Living in one’s short-term rental unit versus renting out the whole unit is a distinction the Avon Town Council would like to see.

“There’s a lot of other towns that add a lot of other regulations, such as that,” said Planning Director Matt Pielsticker. “Our current ordinance doesn’t go into that at all.”

The current overlay district, which Hyatt and others would like to see Nottingham Road included into, does not include regulatory requirements for parking or other issues. If an area in town becomes part of the overlay district, then both owner occupied and non-owner occupied short term rentals are allowed by the town, with the fine tuning left to individual home-owner associations.

“It’s just by citizen complaint if people think there’s an overuse of a particular unit,” said town manager Virginia Egger. “I would say, since I’ve been here, we have had some complaints of short-term rentals that are illegal, we have had very few complaints about the way the overlay district works today, from people that are using those units, so I would say where you have had it, it has worked … quite well.”

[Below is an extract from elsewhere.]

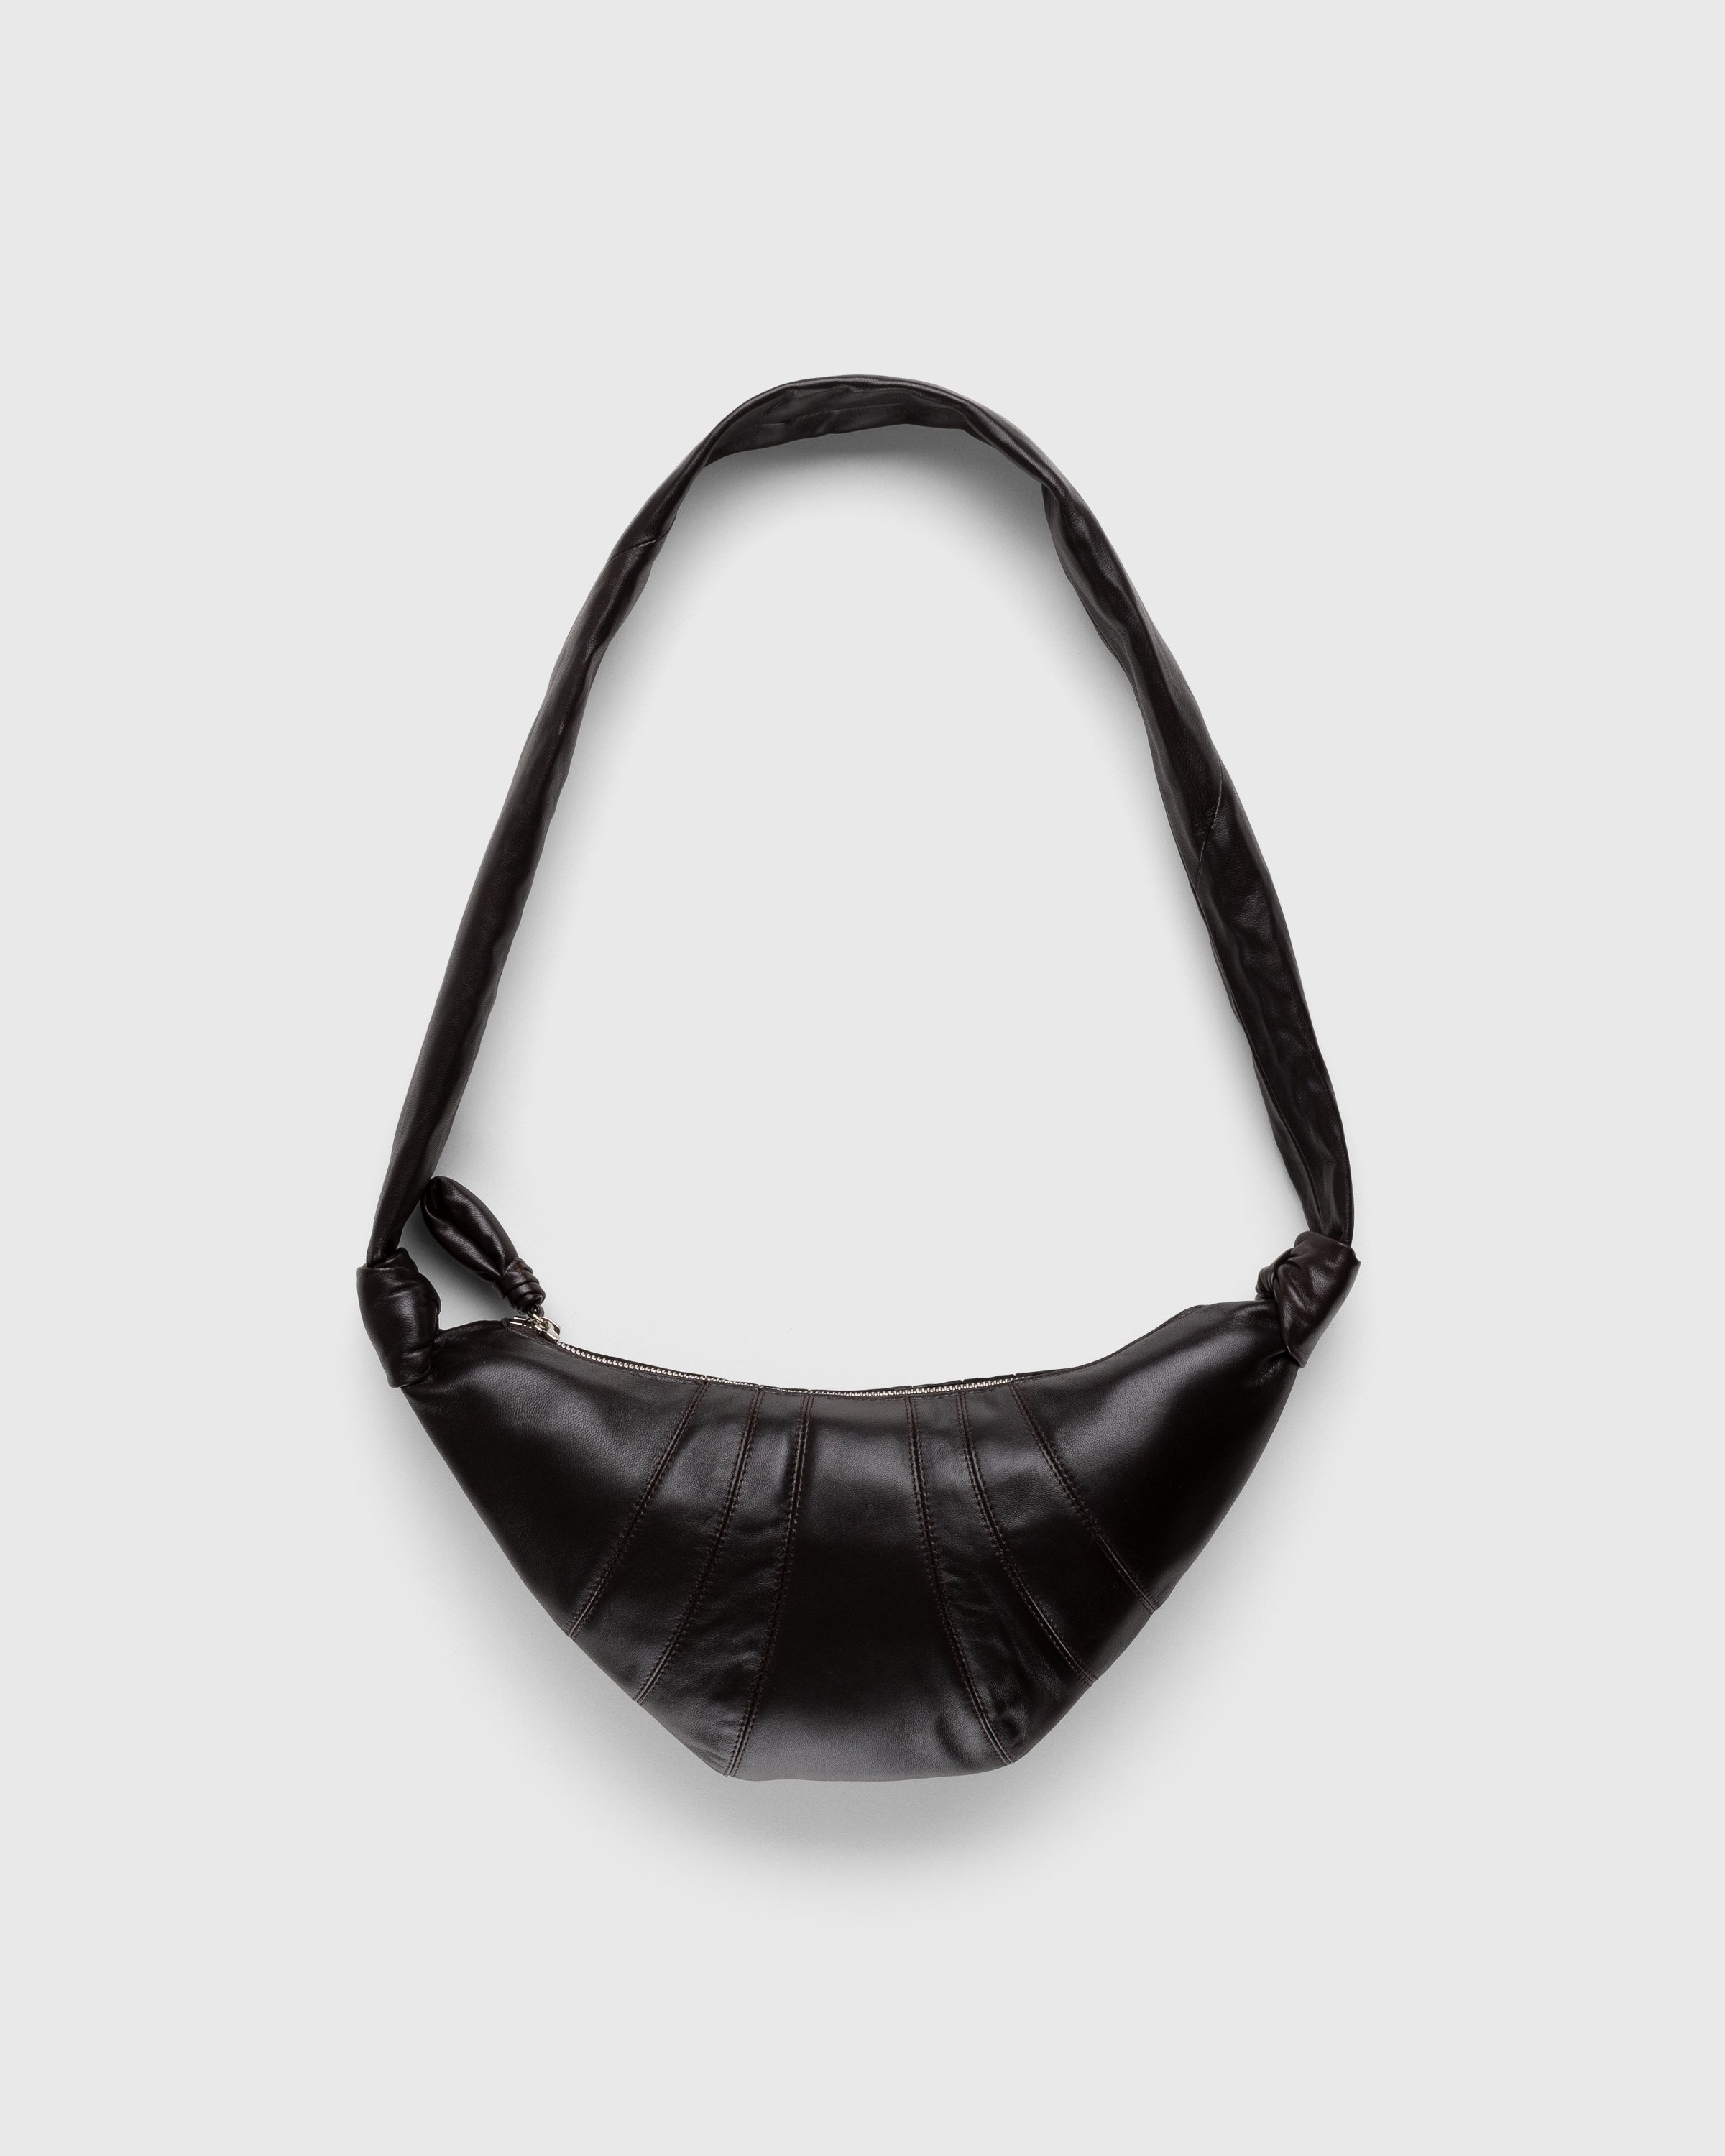 Lemaire x Highsnobiety – Not In Paris 4 Small Croissant Bag Dark Chocolate - Bags - Black - Image 1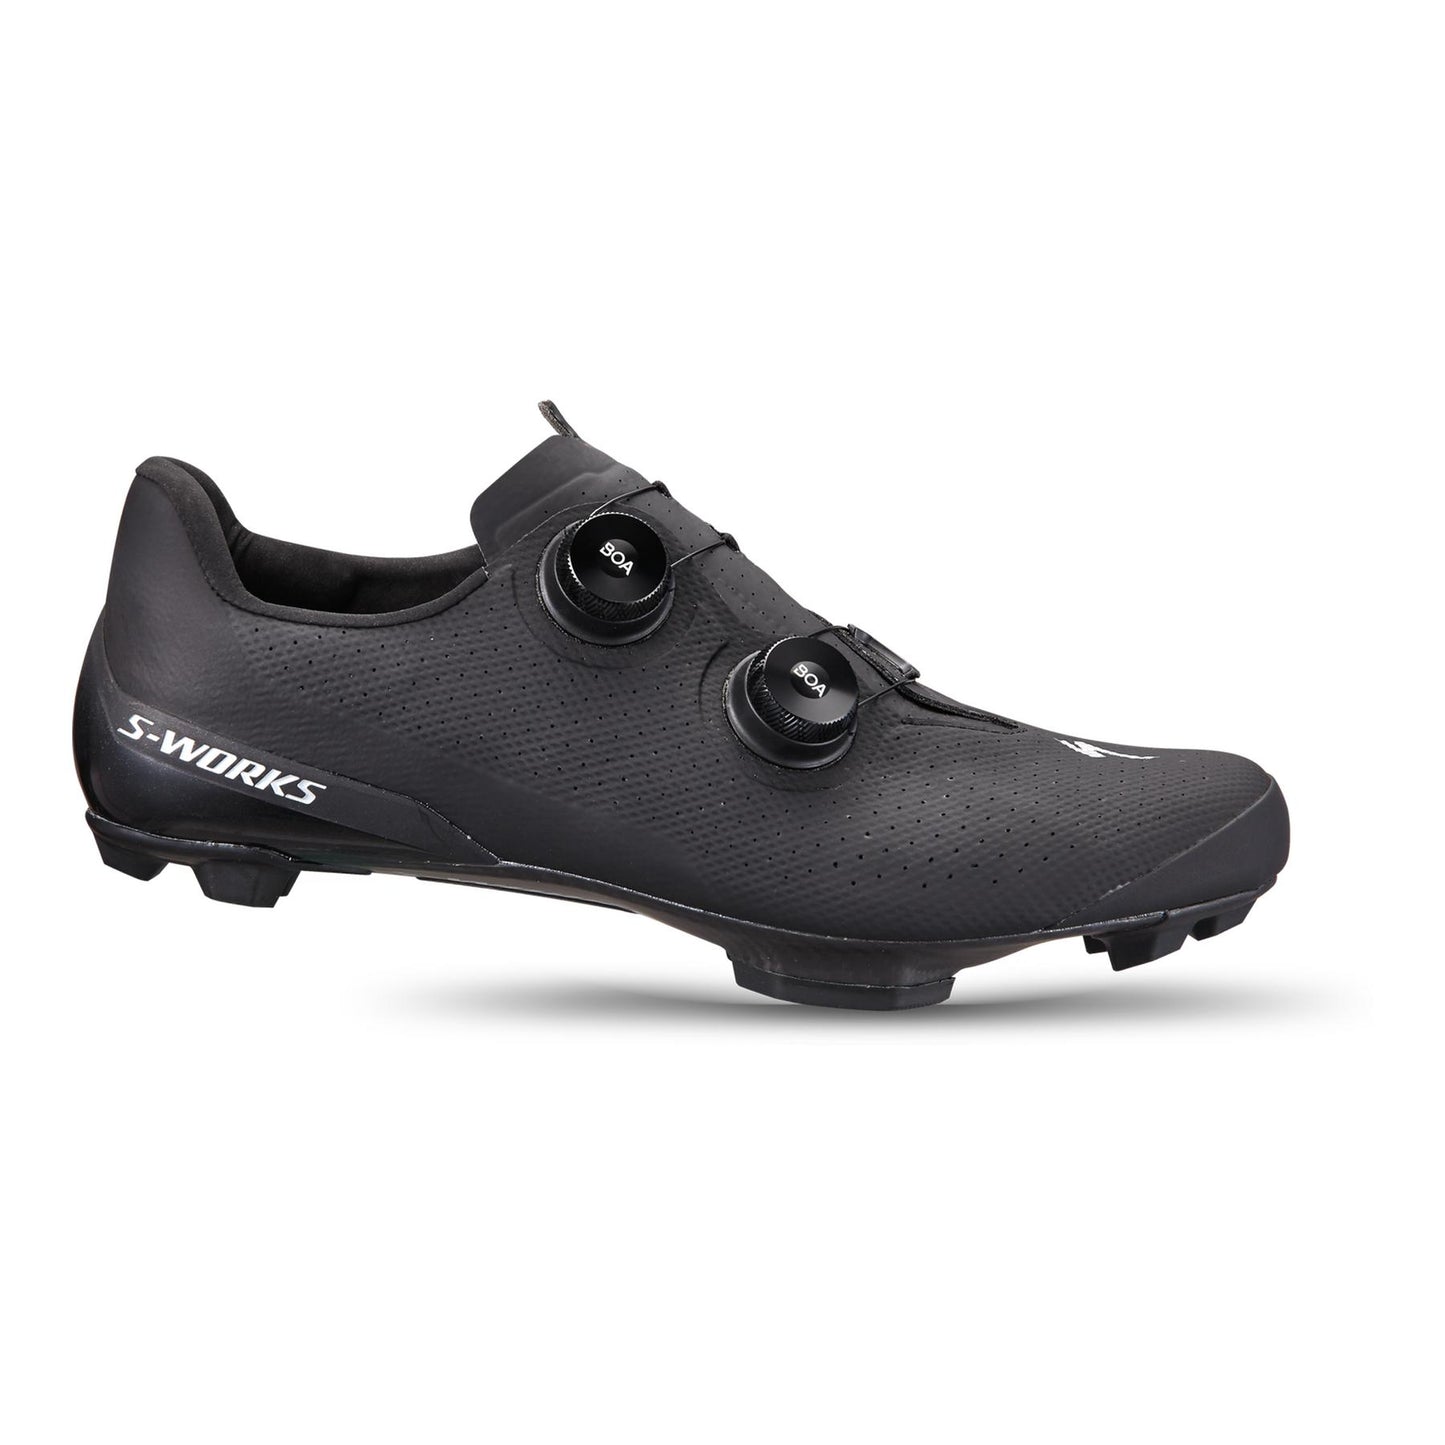 S-Works Recon Shoe in Black

Egger said in looking at additional regulation, the town should first examine what its new data collection service turns up. The company is called Host Compliance Services and provides information to the town about who is short term renting, how often, and how much they are charging.

“Look to apply the same overlay district that you have elsewhere,” Egger said. “Then, I would recommend, let’s see what Host Compliance is telling us, let’s begin to look at other (towns), what they say short-term renters should be required to do, that’s more regulation that may not be favored here,” Egger said.


Nottingham Road property owners will be notified by mail of the proposal to include Nottingham Road into the short-term rental overlay district a couple of weeks before it gets to the Avon Planning and Zoning Commission. The first of the upcoming public hearings will take place at that planning and zoning meeting.

Planning and zoning will then make a recommendation to the Avon Town Council, which will hold two public hearings on the matter. The planning and zoning commission meets on the first and third Tuesday of each month in the Avon Town Council chambers.